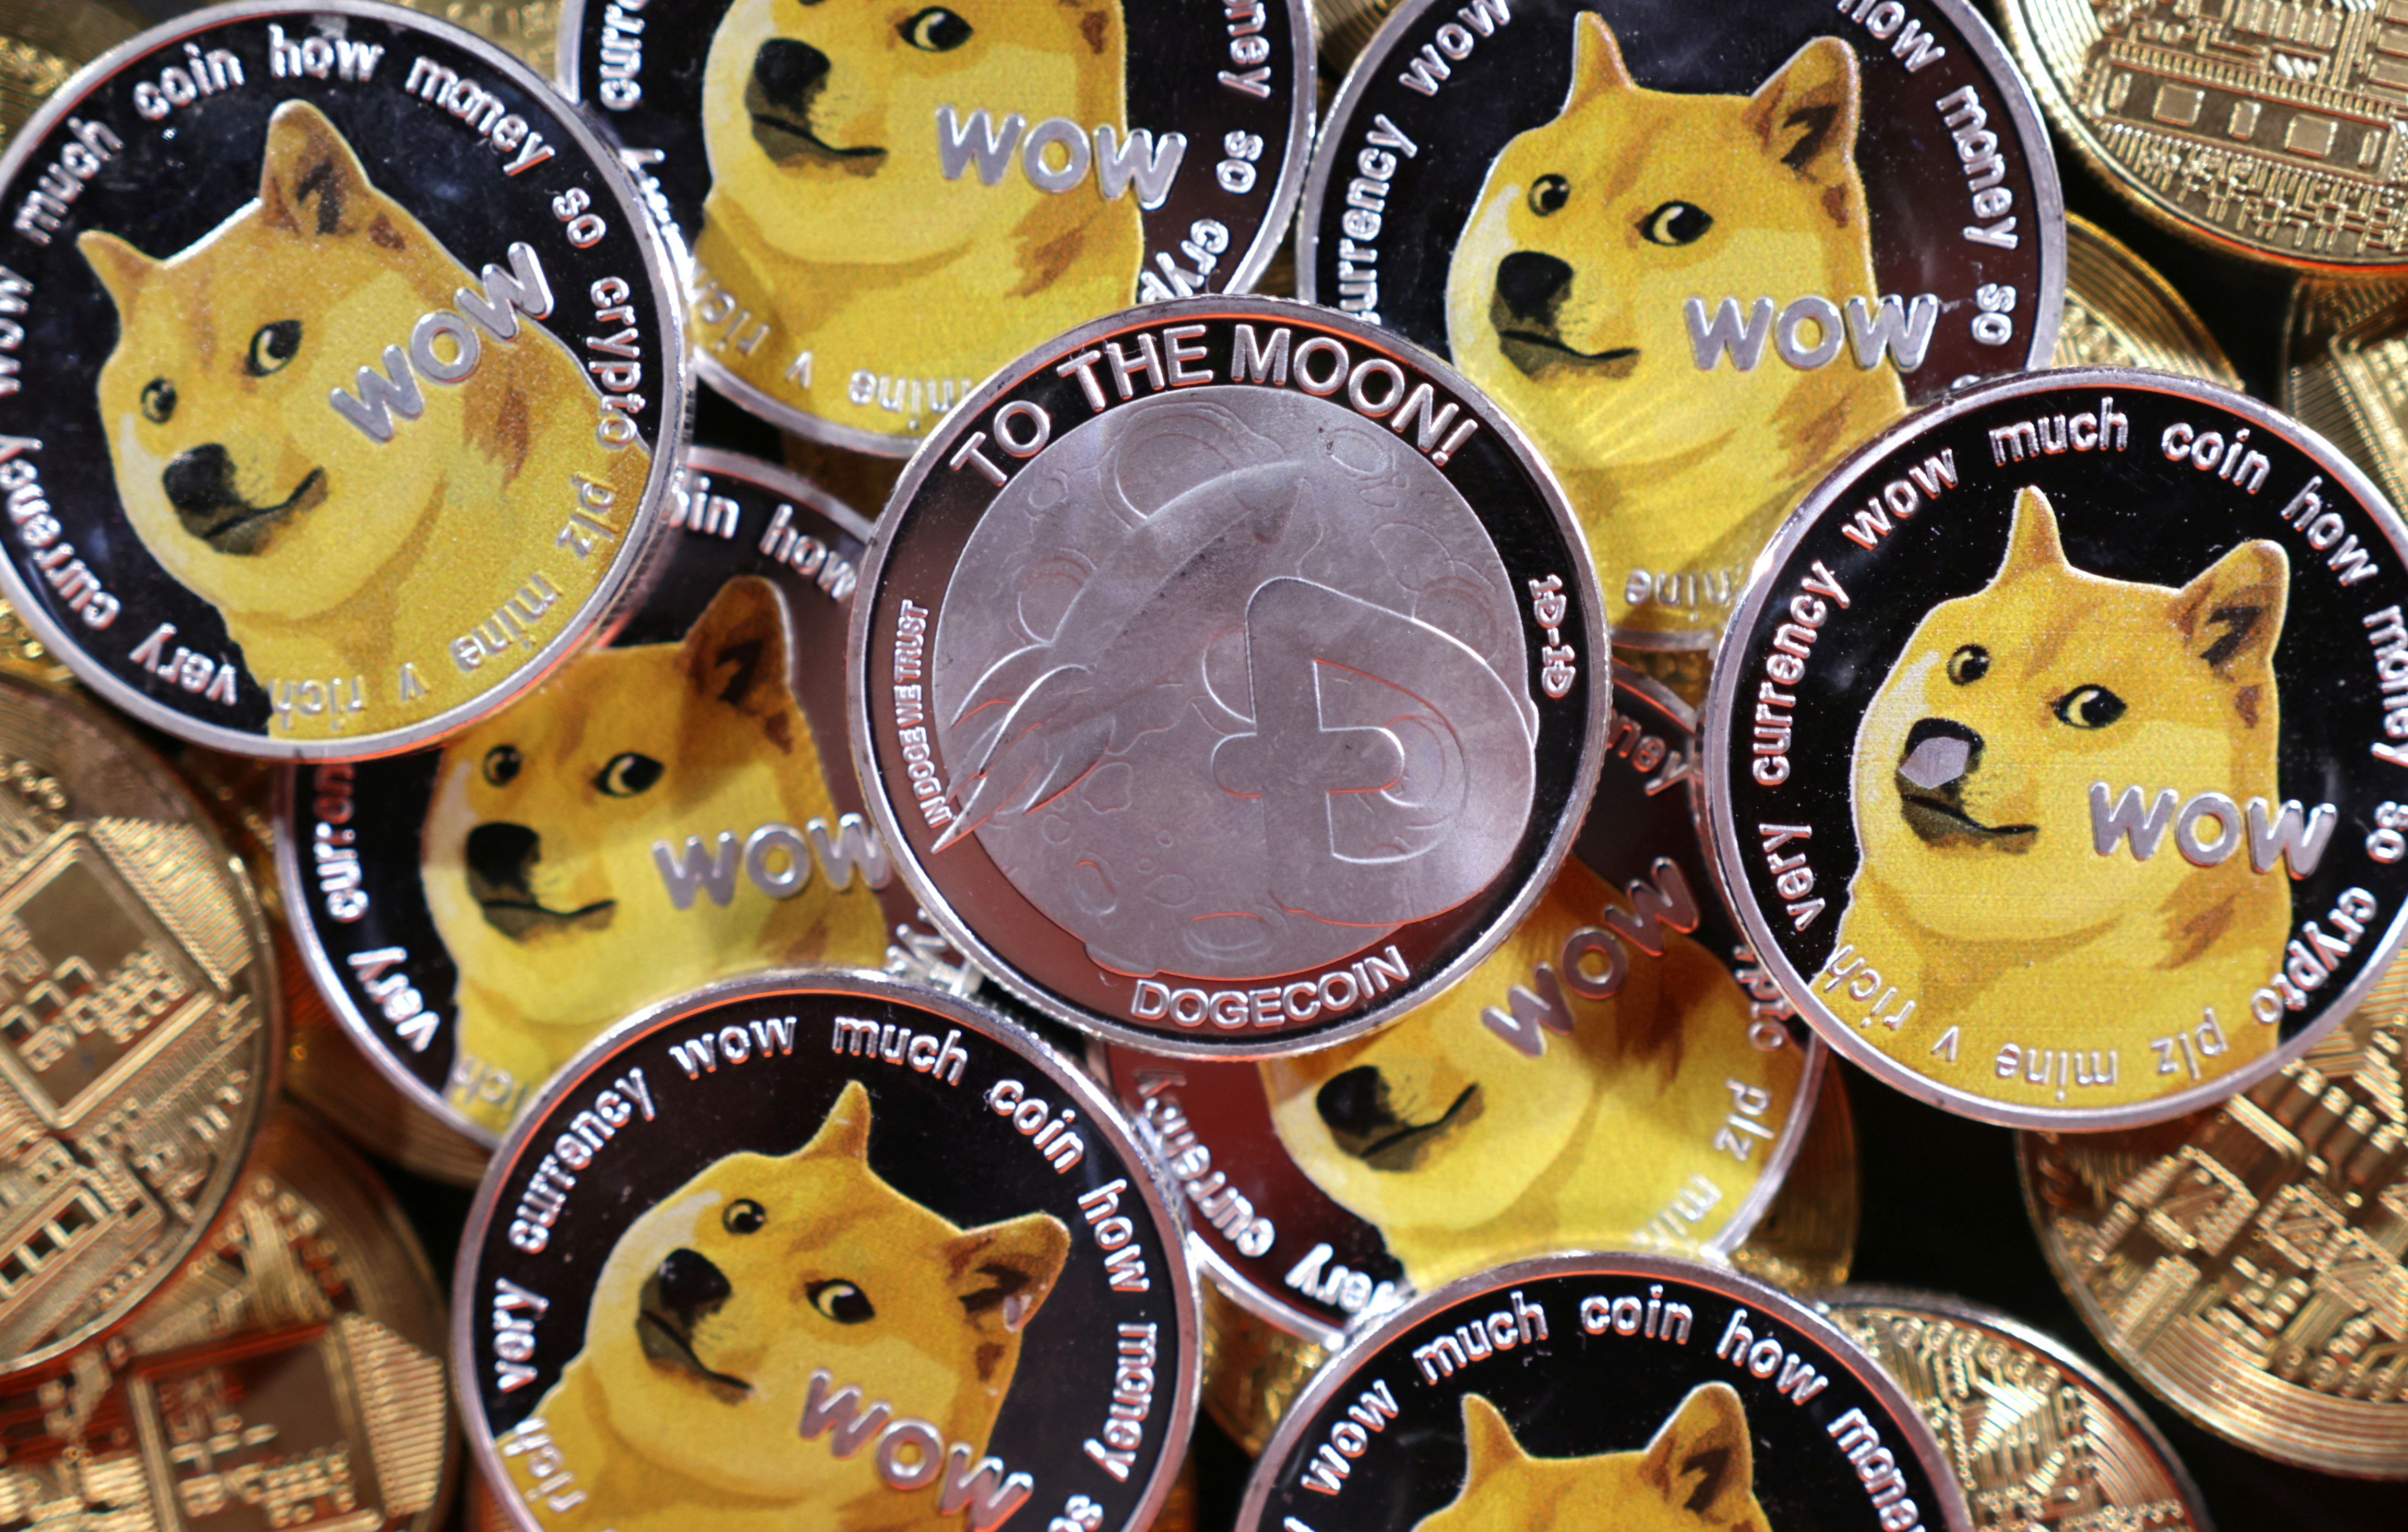 Illustration shows representations of cryptocurrency Dogecoin
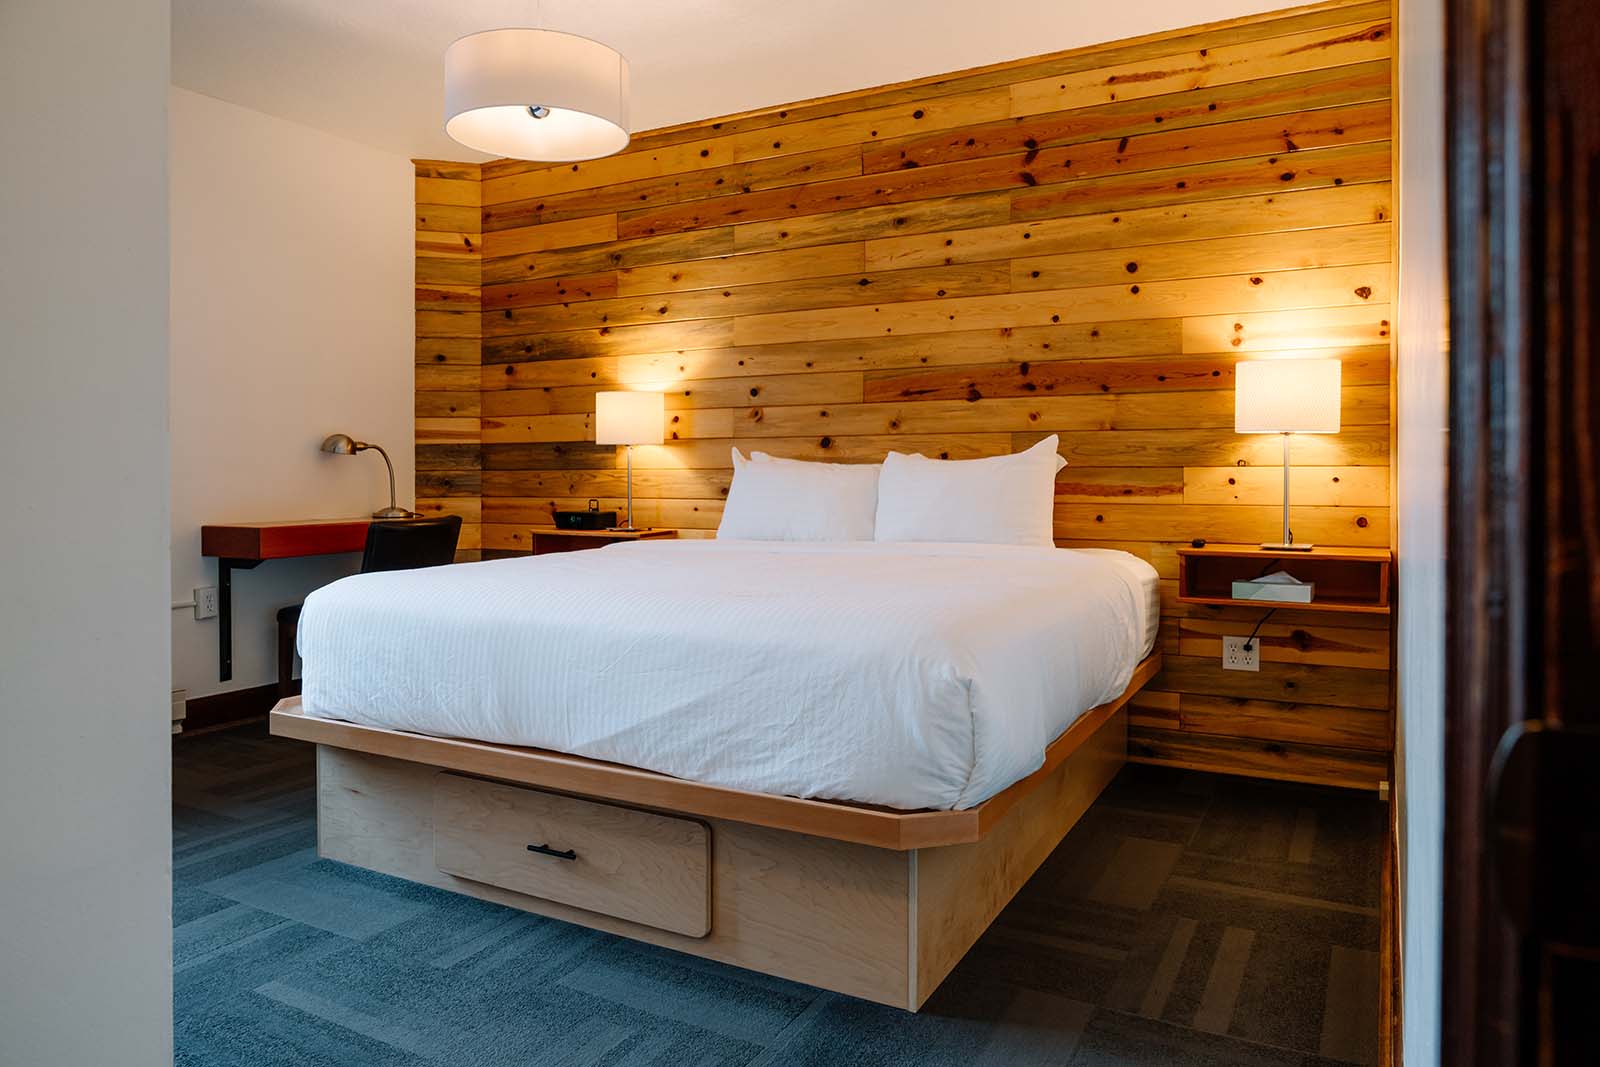 King room bed with natural wall paneling
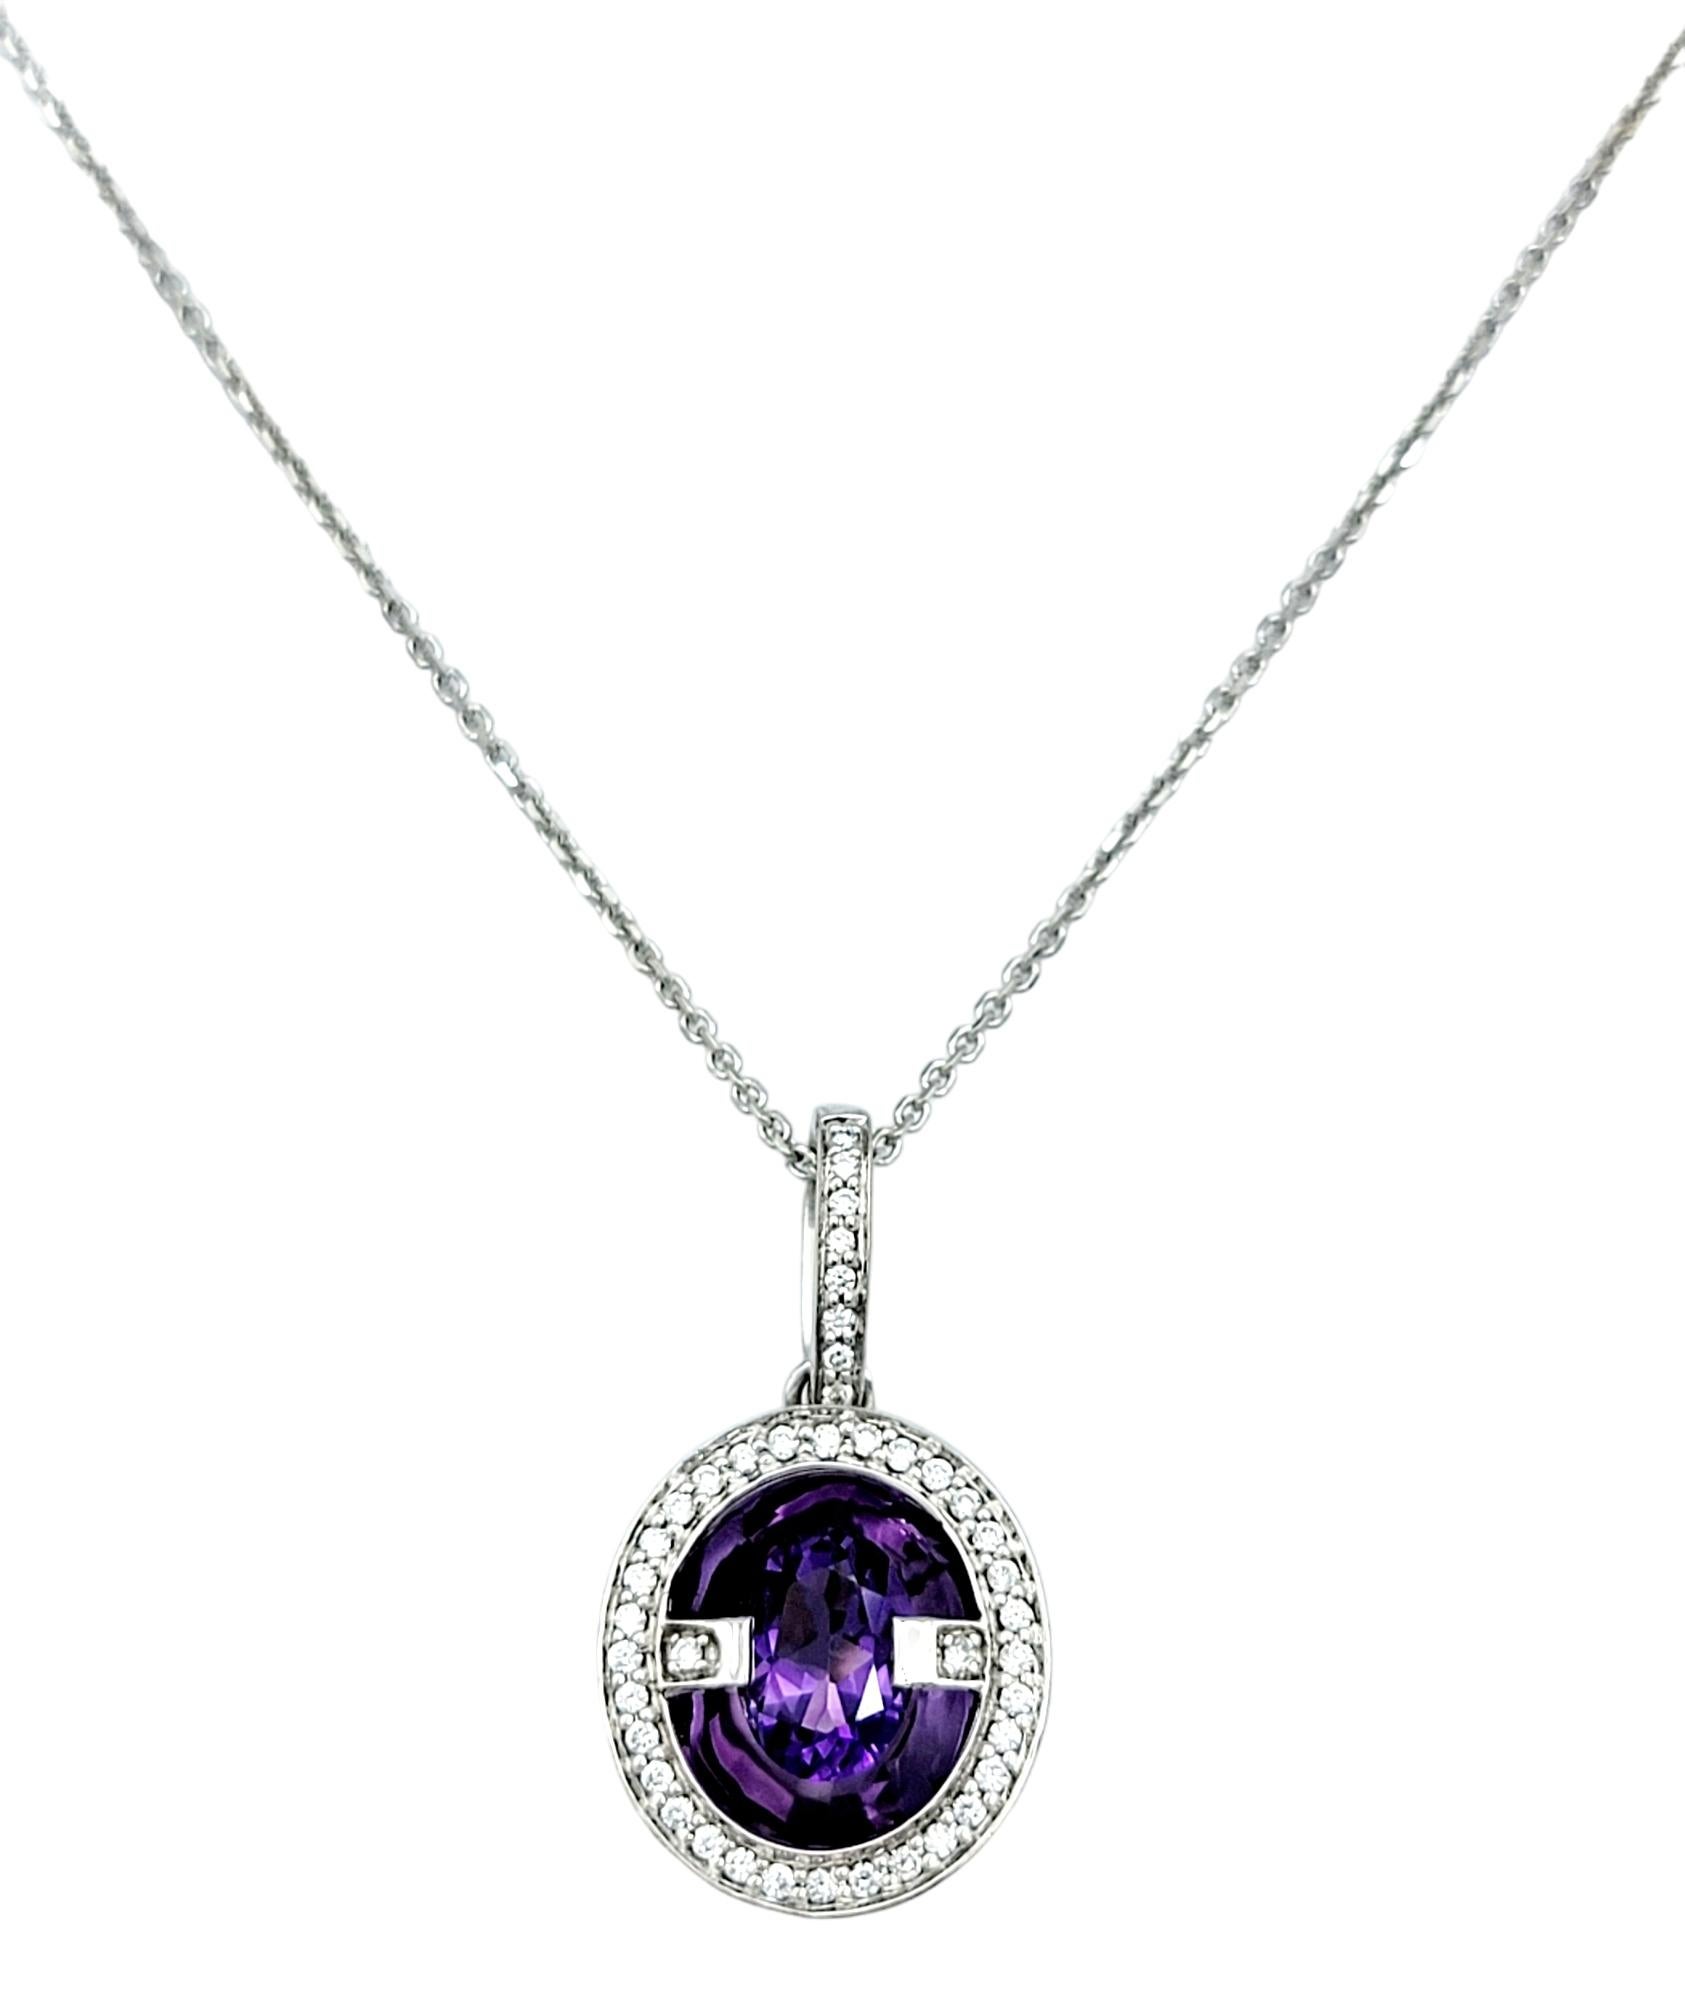 This exquisite oval amethyst and diamond pendant, delicately set in 14 karat white gold, exudes elegance and grace. The oval amethyst appears to float at the center of the pendant, surrounded by a halo of sparkling diamonds that add a touch of

▶ [WHAT NEEDS TO BE DONE] Copy the data word for word. Pictures do not go in the copy.

▶ [RESULT]
 Illustration shows representations of cryptocurrency Dogecoin
 King room bed with natural wall paneling
 This exquisite oval amethyst and diamond pendant, delicately set in 14 karat white gold, exudes elegance and grace. The oval amethyst appears to float at the center of the pendant, surrounded by a halo of sparkling diamonds that add a touch of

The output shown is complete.